The fact that both starts and completions are rising indicates that the issue is widespread and moving through the pipeline at an accelerated pace.
States Leading in Foreclosure Starts (November 2025):
- Florida (2,819)
- Texas (2,612)
- California (2,090)
- New York (1,146)
- Illinois (1,075)
Interestingly, some major metropolitan areas, which typically see high numbers, actually experienced decreases in foreclosure starts compared to last year. For example, Boston, Miami, and Sacramento showed declines. This could suggest localized economic recovery in those specific urban centers, or perhaps more effective loss mitigation strategies being implemented there.
Looking Ahead: What Does This Mean for the Housing Market?
The steady rise in foreclosure activity is a strong indicator that the housing market is facing significant headwinds. As an observer of the real estate world, I see this as a natural, albeit painful, correction after years of rapid price growth and low interest rates.
- Potential Increase in Available Inventory: As more homes enter the foreclosure process and are eventually repossessed, the supply of homes for sale could increase. This might help to stabilize or even slightly decrease home prices in some areas, which could be a welcome development for potential buyers struggling with affordability.
- Impact on Home Prices: A sustained increase in supply, particularly of distressed properties, could put downward pressure on home prices. However, the extent of this impact will vary greatly by region, depending on local demand, economic conditions, and the sheer volume of foreclosures.
- Opportunities for Investors: For those with the capital and expertise, rising foreclosures can present opportunities to acquire properties at a discount.

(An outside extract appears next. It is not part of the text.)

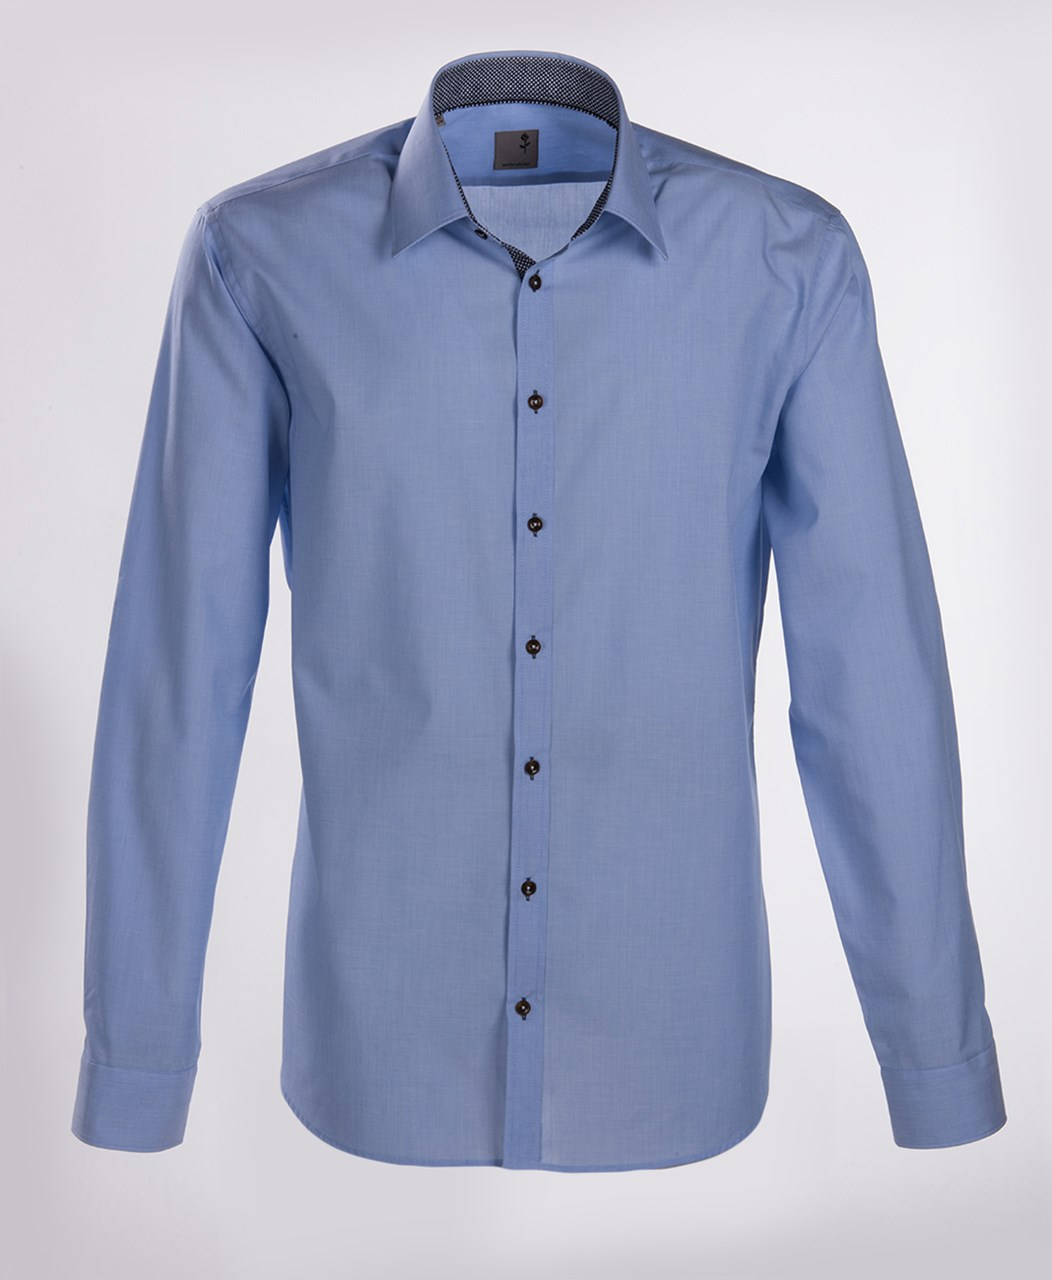 W M EGO. Modrá pánská košile SEIDENSTICKER b3f2b9af7c

However, this market requires careful due diligence and a solid understanding of the risks involved.
- Challenge for Homeowners: For homeowners facing foreclosure, this is a deeply stressful time. It underscores the importance of proactive financial planning and seeking help from housing counselors or legal aid if needed.
While the situation is concerning, it’s important to remember that we are not in a widespread housing crisis on the scale of 2008. The market has more equity, and lending standards are generally tighter. However, the ongoing rise in foreclosure activity is a clear warning sign that we need to pay close attention to the economic well-being of homeowners and the stability of the housing market.